- _THE PROBLEM_: Exclude the pictures, then restate exactly each line of the data below from the first through the line containing "Pierre Cardin ®".

- _SOURCE MATERIAL_:
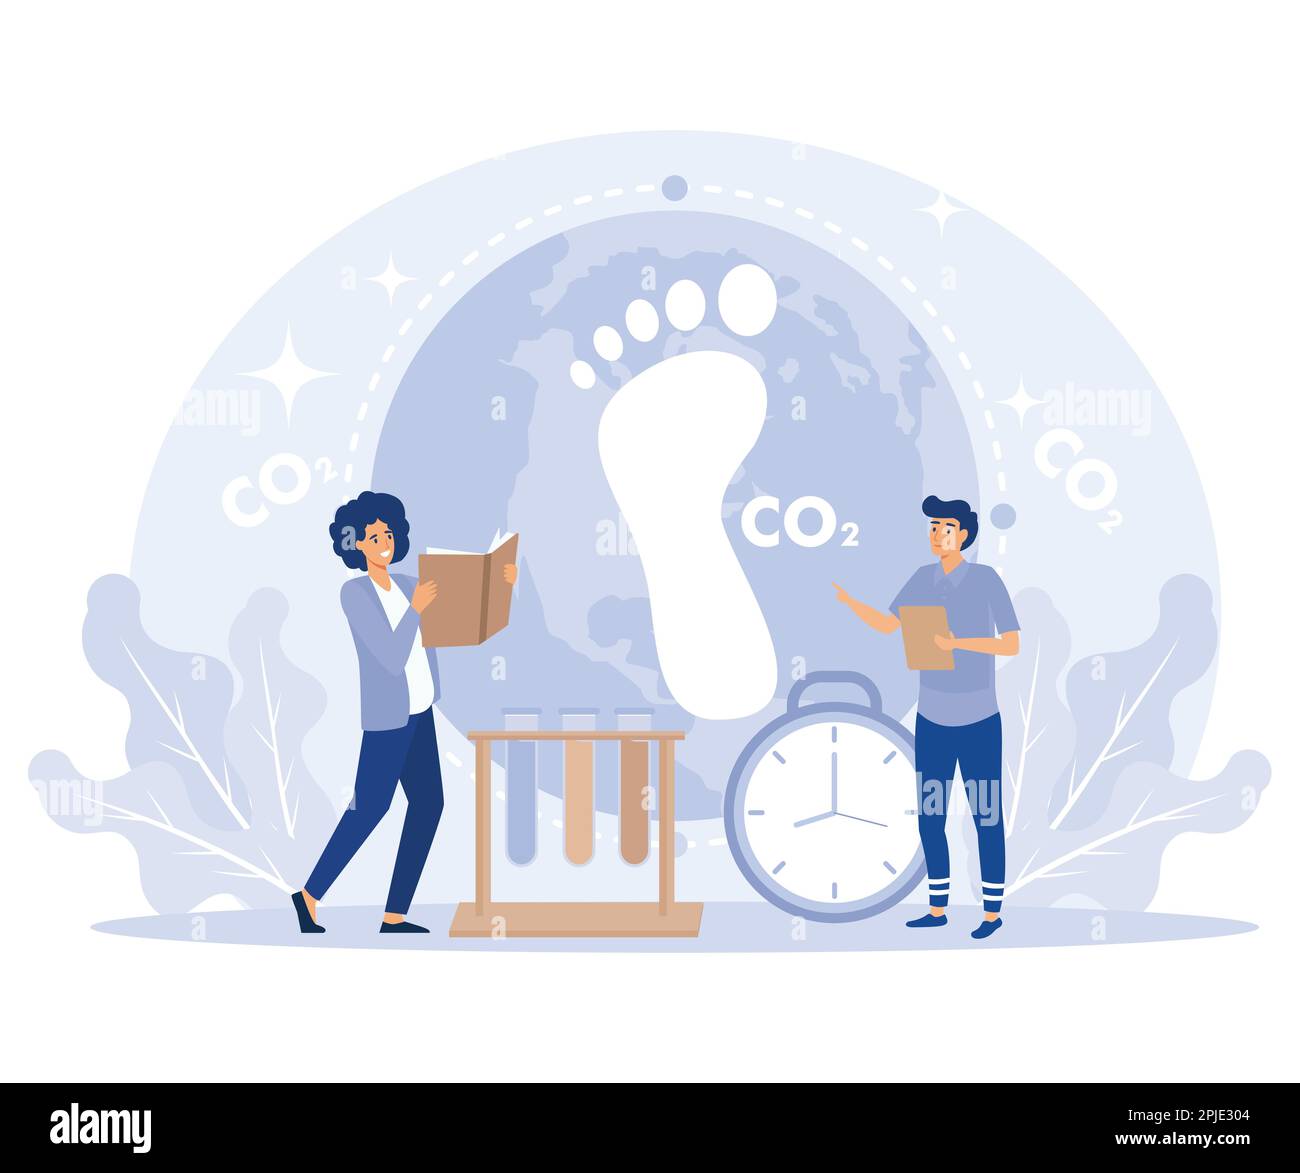 Analisi dell'impatto delle emissioni di CO2, inquinamento ambientale con CO2, analisi dell'impatto dei gas serra sull'ambiente, vettore piatto, illustre moderno Illustrazione Vettoriale
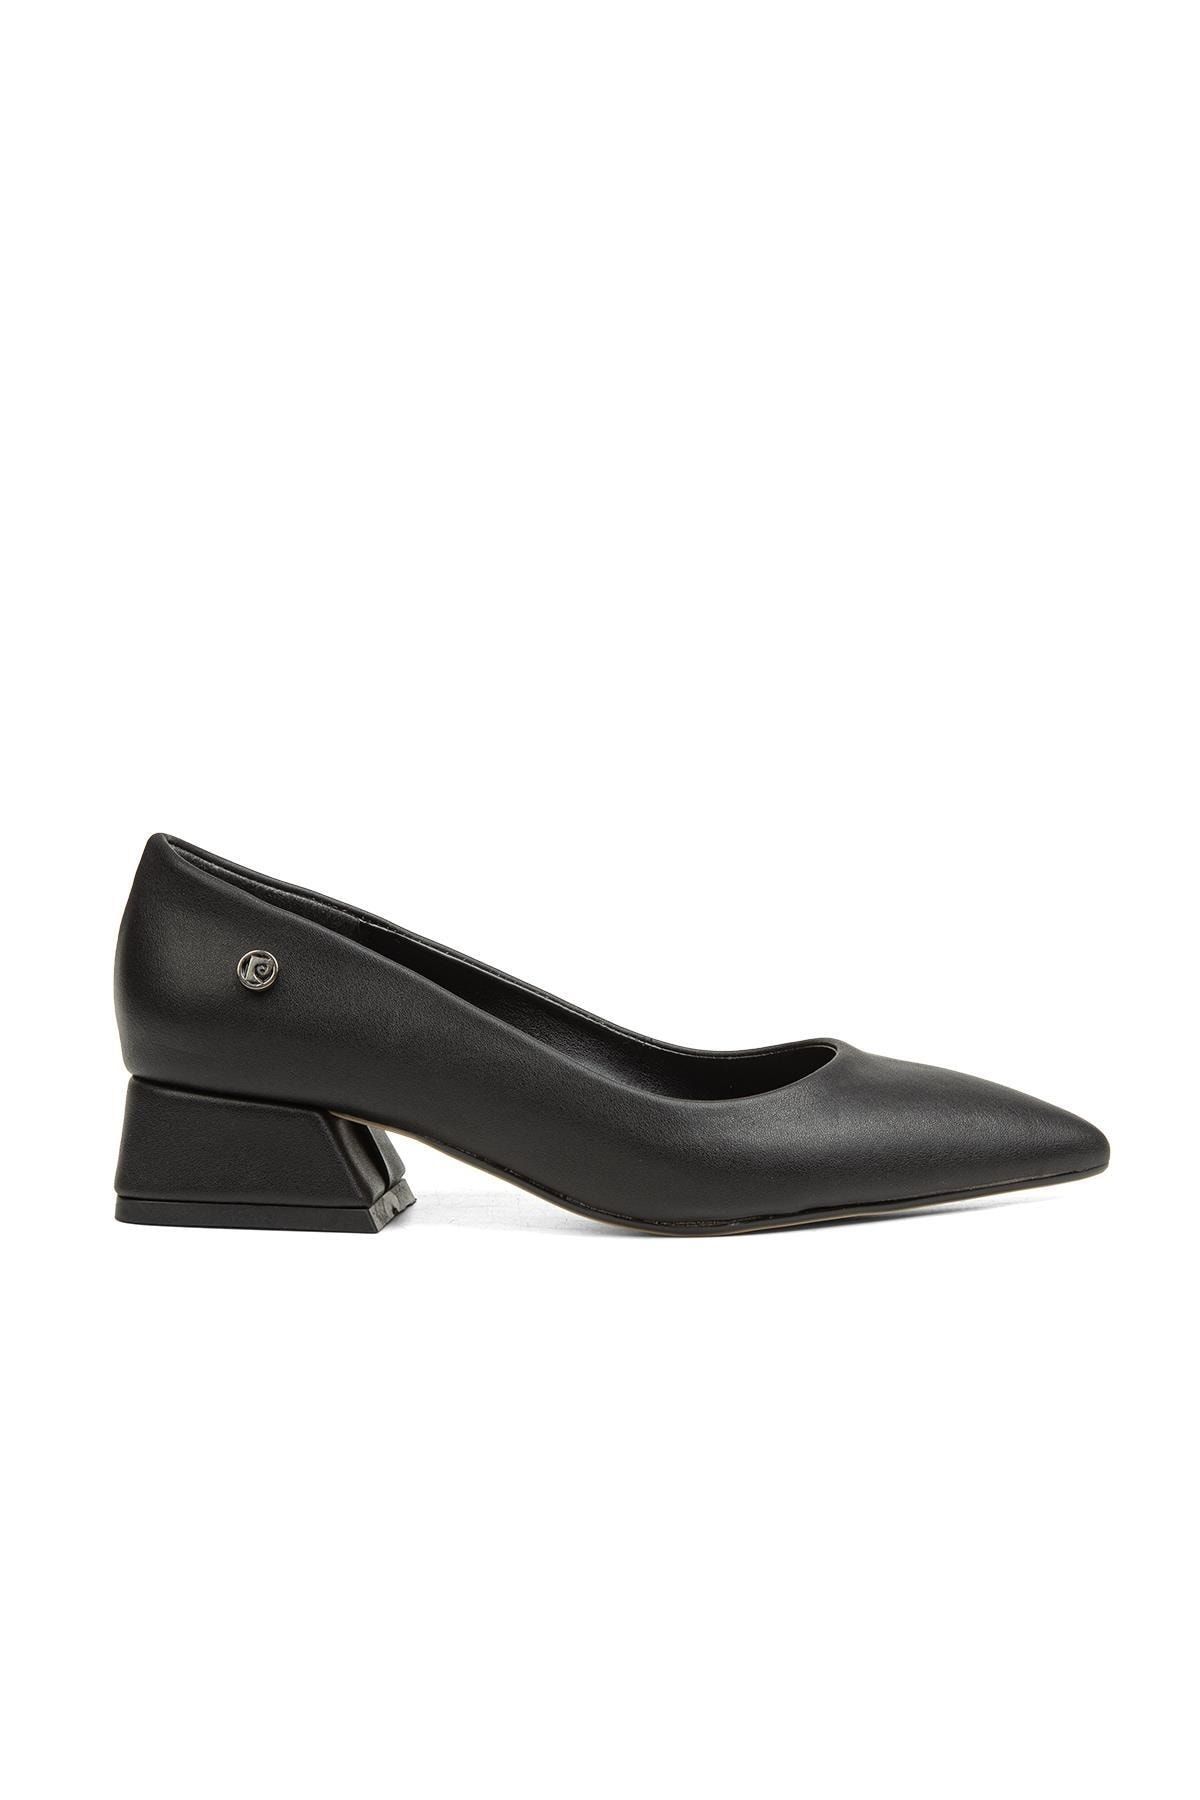 Pierre Cardin ® | Pc-52009-3478 Siyah Cilt - Kadın Topuklu Ayakkabı
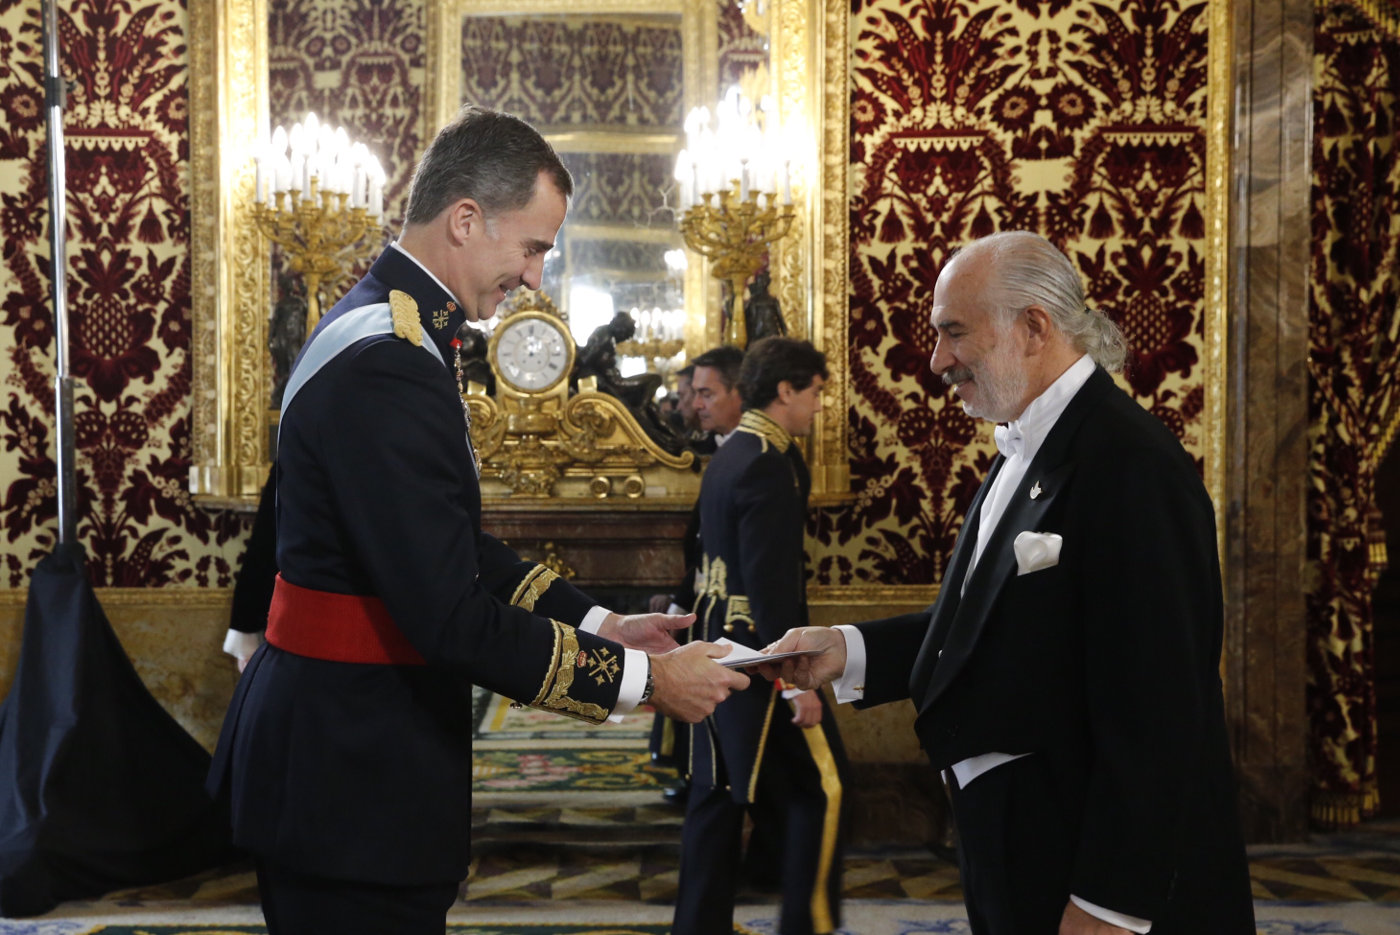  Embajador de Colombia en España entregó copias de Cartas Credenciales a Su Majestad el Rey Don Felipe VI
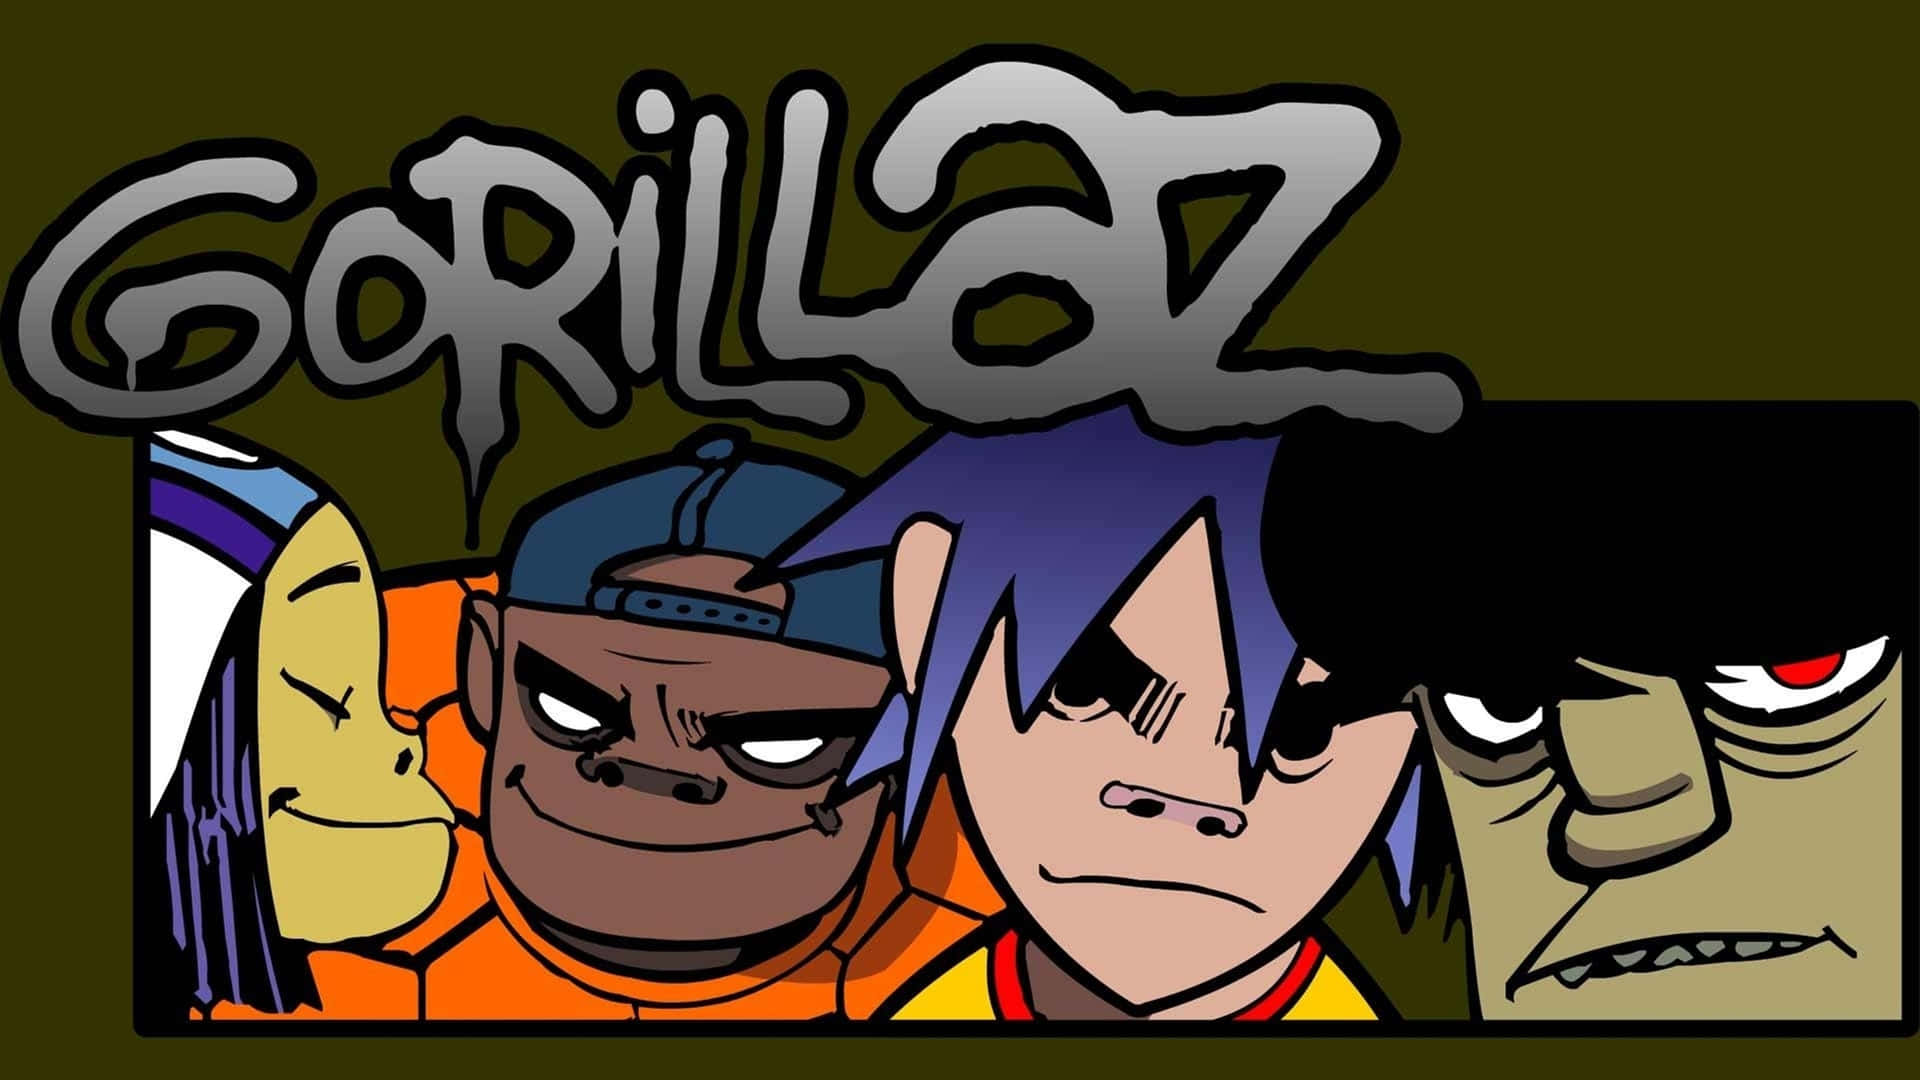 Gorillaz's virtuelle bandmedlemmer - 2D, Murdoc, Noodle og Russel - som illustreret i HD 4K herlighed. Wallpaper

- _ANSWER TO THE EXERCISE_:
 Analisi dell'impatto delle emissioni di CO2, inquinamento ambientale con CO2, analisi dell'impatto dei gas serra sull'ambiente, vettore piatto, illustre moderno Illustrazione Vettoriale
 Pierre Cardin ® | Pc-52009-3478 Siyah Cilt - Kadın Topuklu Ayakkabı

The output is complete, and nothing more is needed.